Мулатка лежала в наполненной ванне головой вниз, и ее длинные курчавые волосы лениво извивались в розоватой воде, среди остатков пенных хлопьев, словно странные водоросли. Судорожно вытянутые ноги свисали с бортика, на одной болтался шлепанец, зацепившийся за большой палец. Короткий шелковый халатик, разрисованный сюрреалистическими узорами, сильно задрался, обнажив ярко-розовые кружевные трусики. В ванной пахло кровью и лавандой. Закусив губу, Виталий быстро шагнул вперед и окунул палец в воду. Та была ледяной.
Выходя из квартиры, он осторожно прикрыл за собой дверь, после чего бросился вниз по ступенькам, и, уже сбегая на первый этаж, услышал чей-то крик, визг шин по асфальту и знакомый возмущенный рев двигателя своей машины.
* * *
Алина, стоя возле подъезда, сердито посмотрела на отъезжавшую «шестерку», мимо которой нетерпеливо продвигался, урча, микроавтобус, потом сунула руку в карман пальто, звеня мелочью. Ей хотелось подняться, и она с трудом заставила себя стоять на месте, ограничившись лишь внимательным разглядыванием окон.
Из подъезда торопливо вышел человек в сером плаще, и она, рассеянно мазнув взглядом по его лицу, снова уставилась на окна второго этажа. Но ее взгляд тут же метнулся обратно, точно собака, которую резко дернули за поводок, и в этот момент человек повернул голову – очень медленно – и их глаза встретились.
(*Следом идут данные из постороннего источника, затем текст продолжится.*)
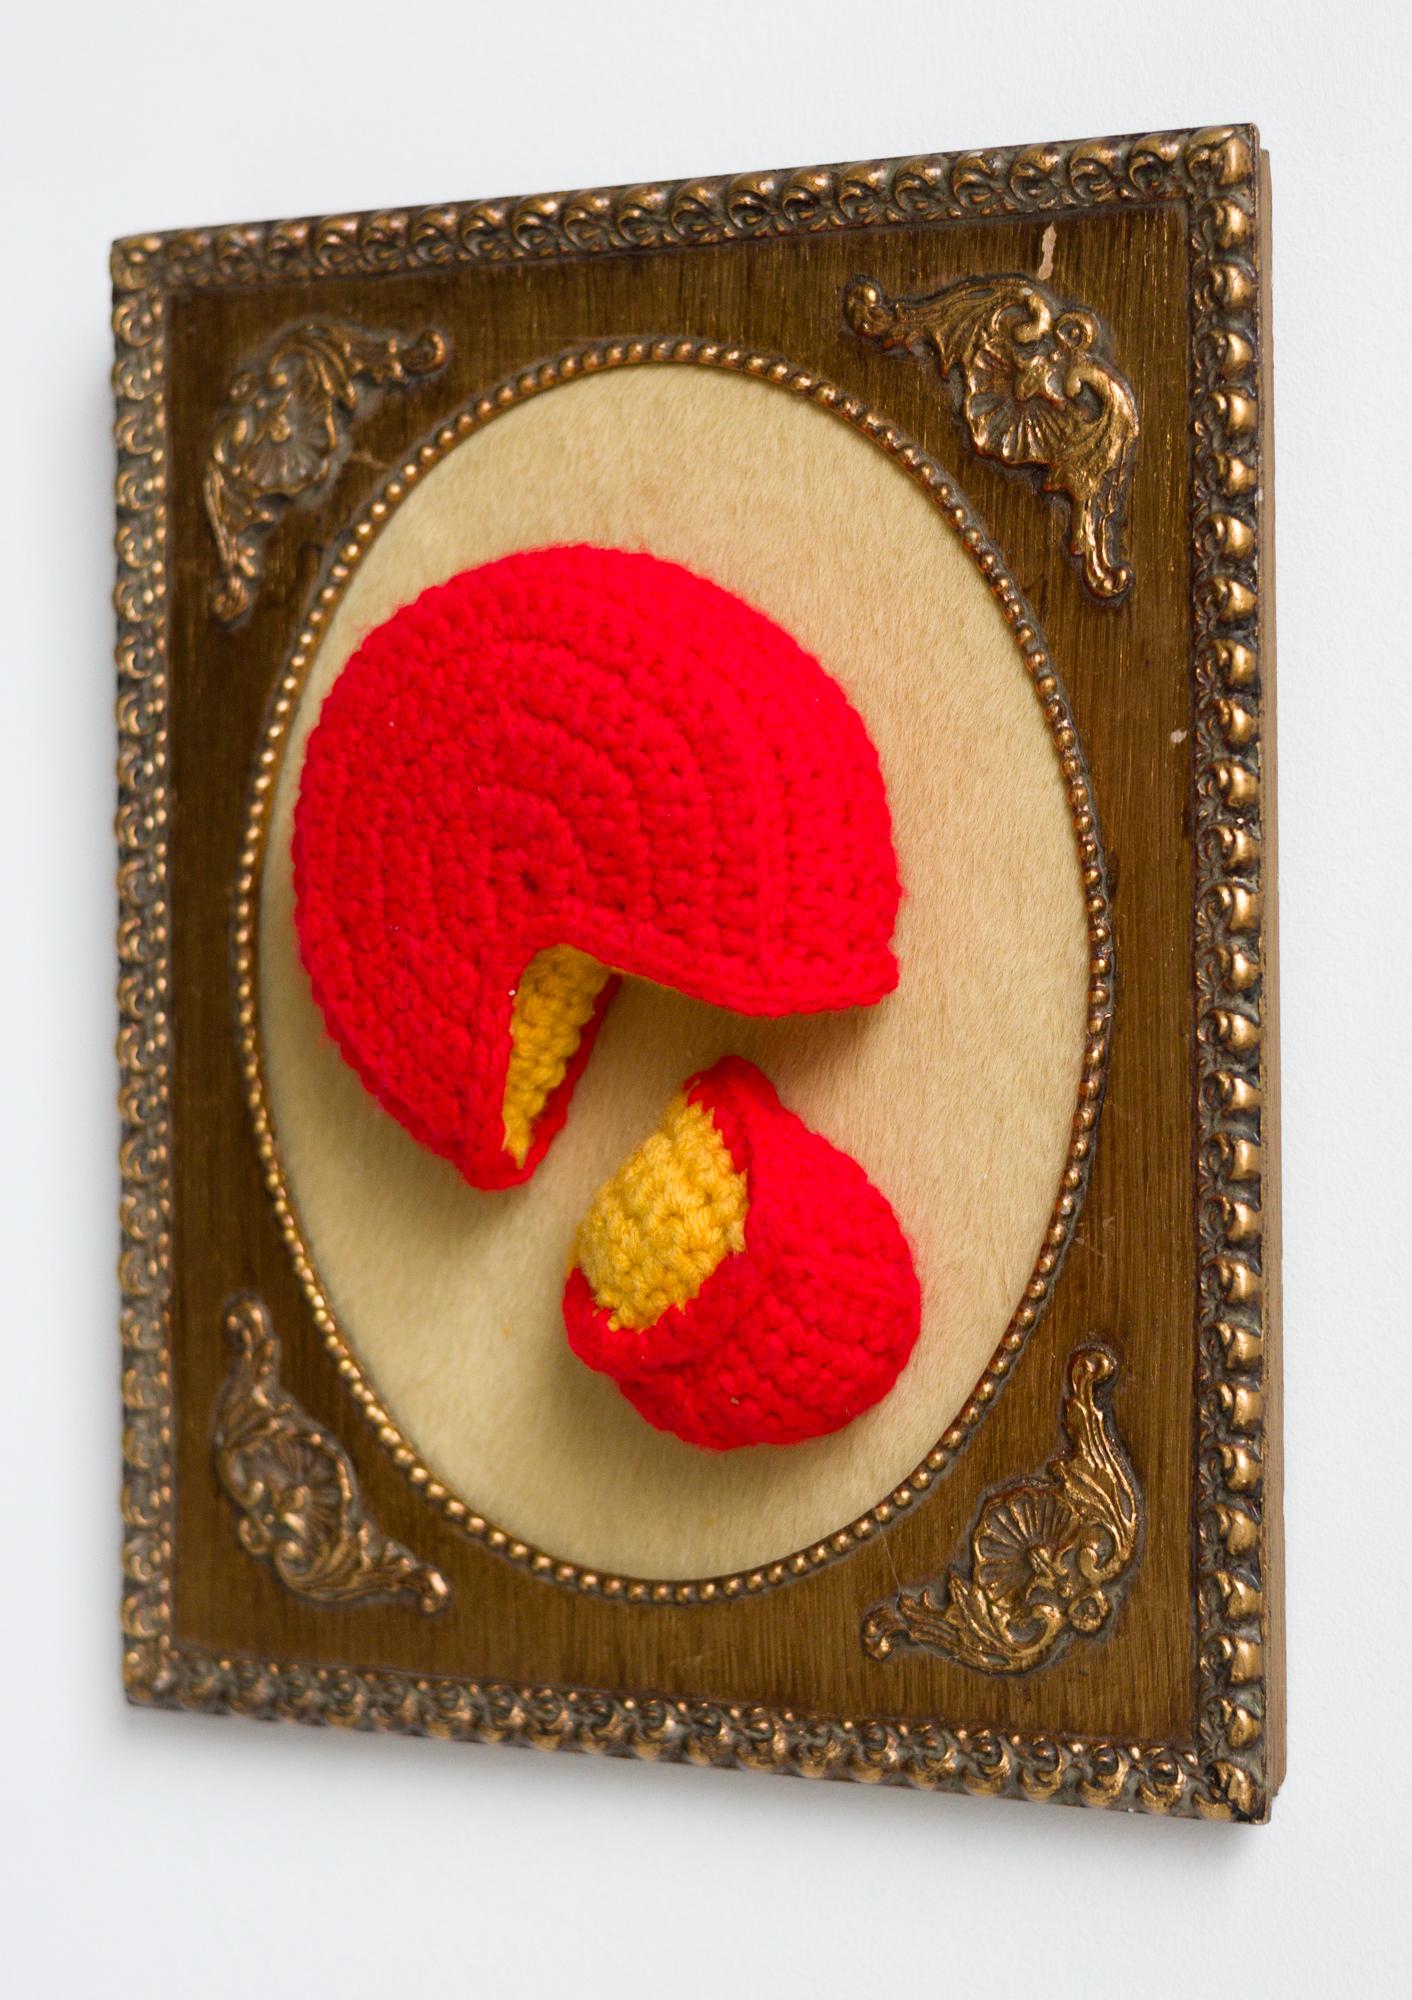 « Gouda Cheese », alimentation, textiles, acrylique au crochet dans un cadre vintage - Contemporain Art par Nicole Nikolich, Lace in the Moon
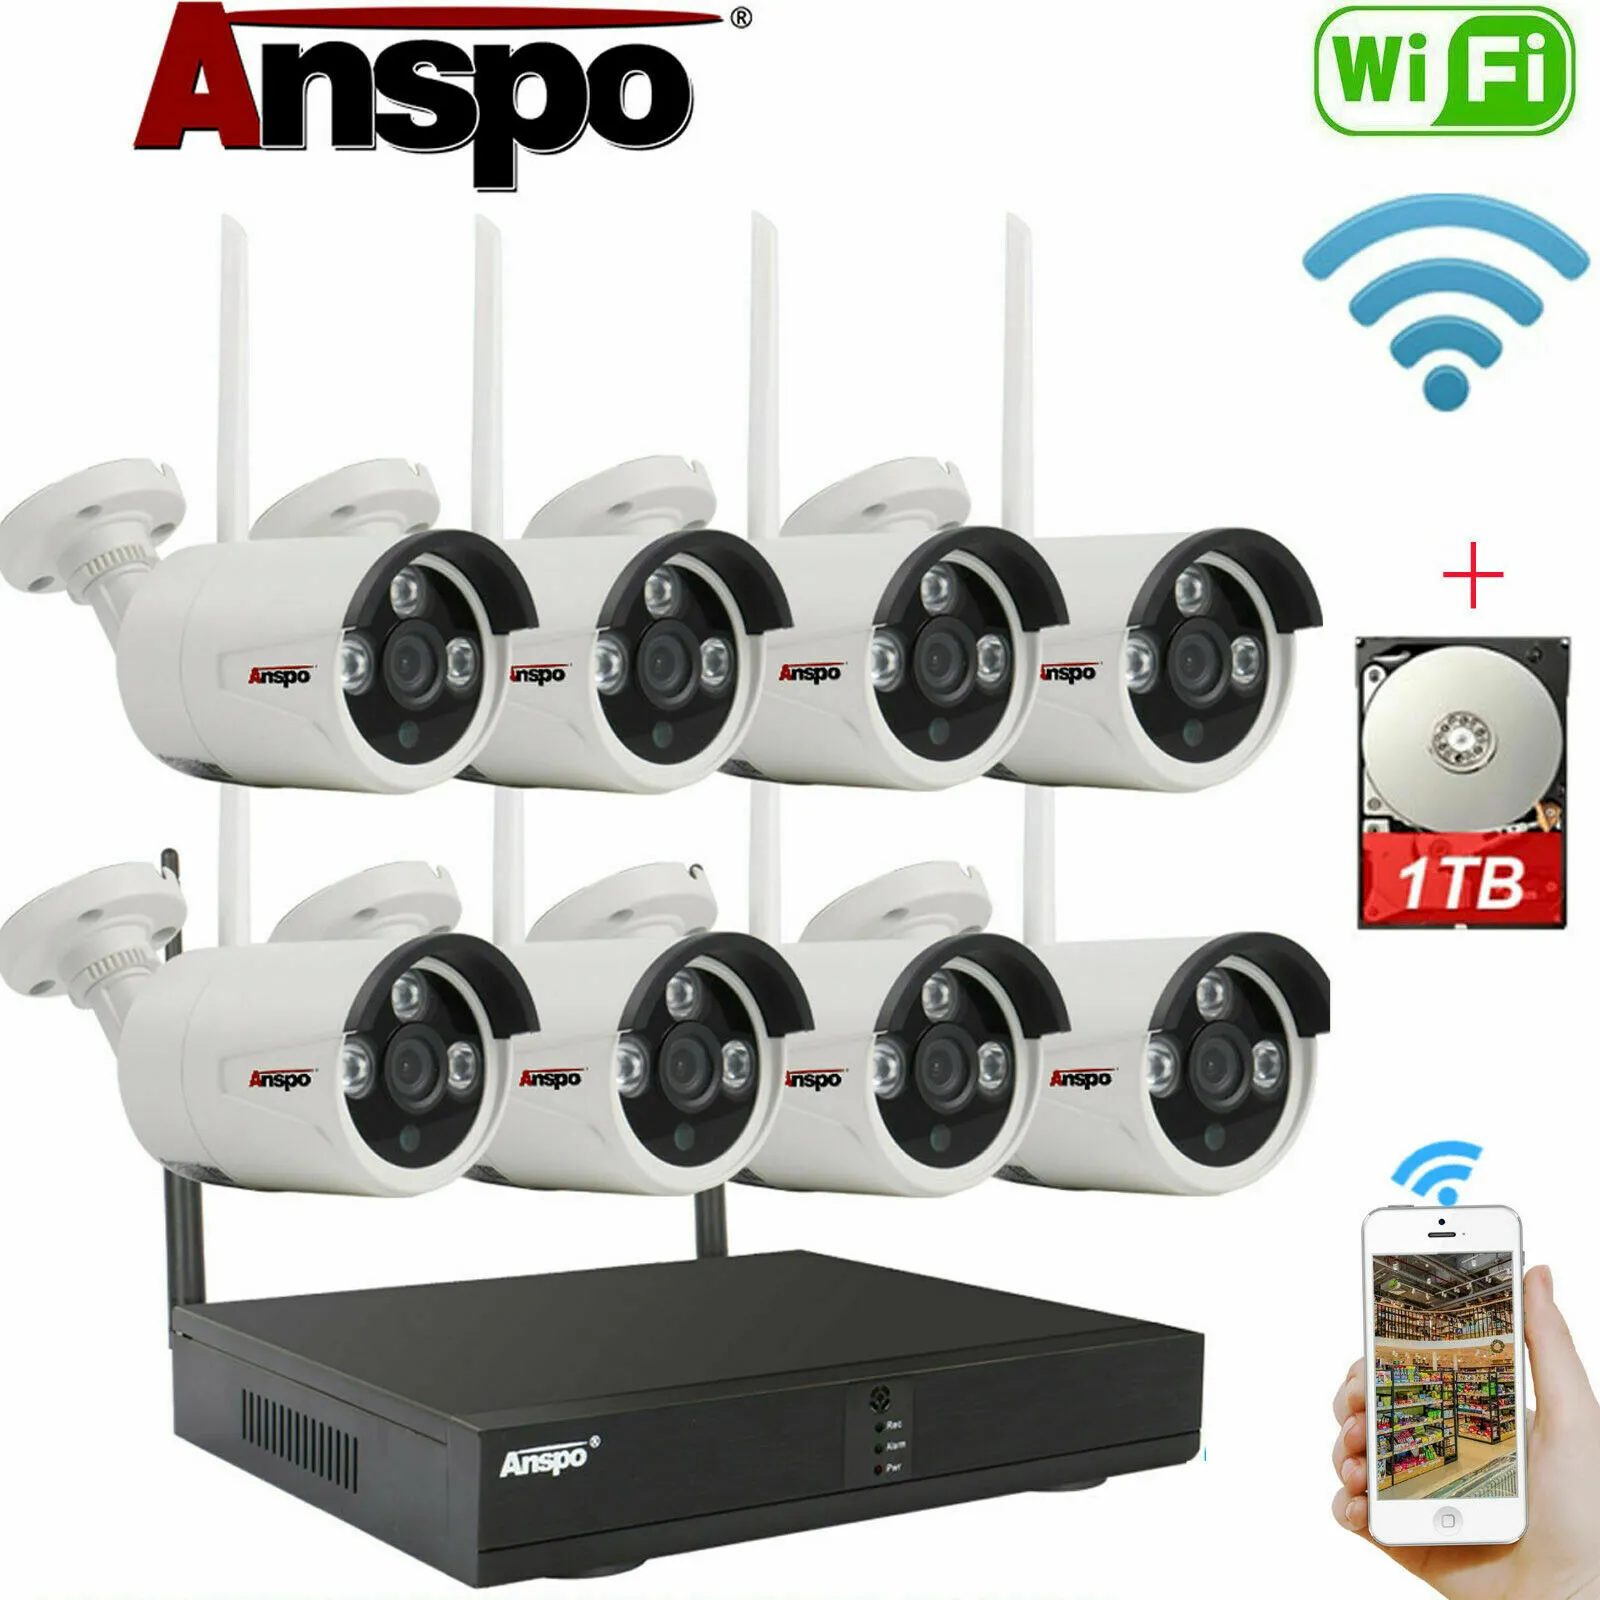 ANSPO 8CH System bezprzewodowy Security Camera System WIFI Zestaw kamer IR-Cut Night Vision CCTV Nadzór domowy NVR z dysk twardy 1TB

Гомонящий двор вокруг раскололся и ссыпался в никуда – осталось только это испуганное лицо, бледные от ужаса глаза, дрожащий приоткрытый тонкогубый рот. На мгновение лицо стало огромным, потом отступило назад, вместо испуга подернувшись профессиональным удивлением, и по обеим сторонам от него проявились раздвинутые бледно-зеленые занавески. Они качнулись и сомкнулись, спрятав это лицо, намертво выжженное в памяти за короткие минуты кошмарной полуяви.
– Шестая очнулась! Какого хрена она очнулась?!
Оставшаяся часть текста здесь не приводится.